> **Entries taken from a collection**

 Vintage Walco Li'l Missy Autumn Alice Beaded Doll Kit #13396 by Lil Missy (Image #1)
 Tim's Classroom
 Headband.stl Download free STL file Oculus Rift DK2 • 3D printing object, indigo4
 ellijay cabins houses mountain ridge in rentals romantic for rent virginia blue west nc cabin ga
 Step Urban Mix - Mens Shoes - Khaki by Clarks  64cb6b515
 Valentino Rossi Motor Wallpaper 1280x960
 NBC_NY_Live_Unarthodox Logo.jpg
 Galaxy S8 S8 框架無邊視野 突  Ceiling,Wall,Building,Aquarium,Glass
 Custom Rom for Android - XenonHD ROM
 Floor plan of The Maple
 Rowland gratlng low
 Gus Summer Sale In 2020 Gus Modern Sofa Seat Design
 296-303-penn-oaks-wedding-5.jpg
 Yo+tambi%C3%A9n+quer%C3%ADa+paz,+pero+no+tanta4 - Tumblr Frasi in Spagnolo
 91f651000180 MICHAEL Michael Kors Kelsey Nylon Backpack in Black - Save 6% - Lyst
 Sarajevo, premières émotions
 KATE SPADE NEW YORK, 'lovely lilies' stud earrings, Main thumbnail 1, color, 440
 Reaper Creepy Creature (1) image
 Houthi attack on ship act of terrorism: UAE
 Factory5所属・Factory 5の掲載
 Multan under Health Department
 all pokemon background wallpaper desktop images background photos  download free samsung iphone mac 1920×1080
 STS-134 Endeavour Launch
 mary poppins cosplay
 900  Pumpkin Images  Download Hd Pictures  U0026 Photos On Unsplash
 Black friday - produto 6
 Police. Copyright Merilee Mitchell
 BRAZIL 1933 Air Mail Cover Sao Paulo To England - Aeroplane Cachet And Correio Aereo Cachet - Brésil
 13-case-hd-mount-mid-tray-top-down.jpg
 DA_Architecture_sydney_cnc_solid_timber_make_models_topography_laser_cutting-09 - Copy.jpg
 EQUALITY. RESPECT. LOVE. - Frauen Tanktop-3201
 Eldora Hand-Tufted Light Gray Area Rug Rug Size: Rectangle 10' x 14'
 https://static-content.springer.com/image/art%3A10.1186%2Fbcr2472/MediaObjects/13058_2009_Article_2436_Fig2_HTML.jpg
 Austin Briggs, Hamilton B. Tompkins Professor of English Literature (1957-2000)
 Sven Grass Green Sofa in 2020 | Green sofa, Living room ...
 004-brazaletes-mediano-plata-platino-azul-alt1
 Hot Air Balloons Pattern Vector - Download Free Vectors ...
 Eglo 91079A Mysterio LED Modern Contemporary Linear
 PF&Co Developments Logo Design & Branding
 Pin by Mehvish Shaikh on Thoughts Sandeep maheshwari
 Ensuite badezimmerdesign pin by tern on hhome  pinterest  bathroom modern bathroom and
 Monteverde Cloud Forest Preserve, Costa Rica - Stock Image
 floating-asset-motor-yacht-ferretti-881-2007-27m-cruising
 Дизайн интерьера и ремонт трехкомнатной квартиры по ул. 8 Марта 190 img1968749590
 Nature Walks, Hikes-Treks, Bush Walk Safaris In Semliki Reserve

> **Try it**
The expected answer is an exact copy of the lines above, beginning at the line with "ellijay cabins houses" and ending at the line with "Gus Summer Sale", with both ends in.

> **Exercise answer**
 ellijay cabins houses mountain ridge in rentals romantic for rent virginia blue west nc cabin ga
 Step Urban Mix - Mens Shoes - Khaki by Clarks  64cb6b515
 Valentino Rossi Motor Wallpaper 1280x960
 NBC_NY_Live_Unarthodox Logo.jpg
 Galaxy S8 S8 框架無邊視野 突  Ceiling,Wall,Building,Aquarium,Glass
 Custom Rom for Android - XenonHD ROM
 Floor plan of The Maple
 Rowland gratlng low
 Gus Summer Sale In 2020 Gus Modern Sofa Seat Design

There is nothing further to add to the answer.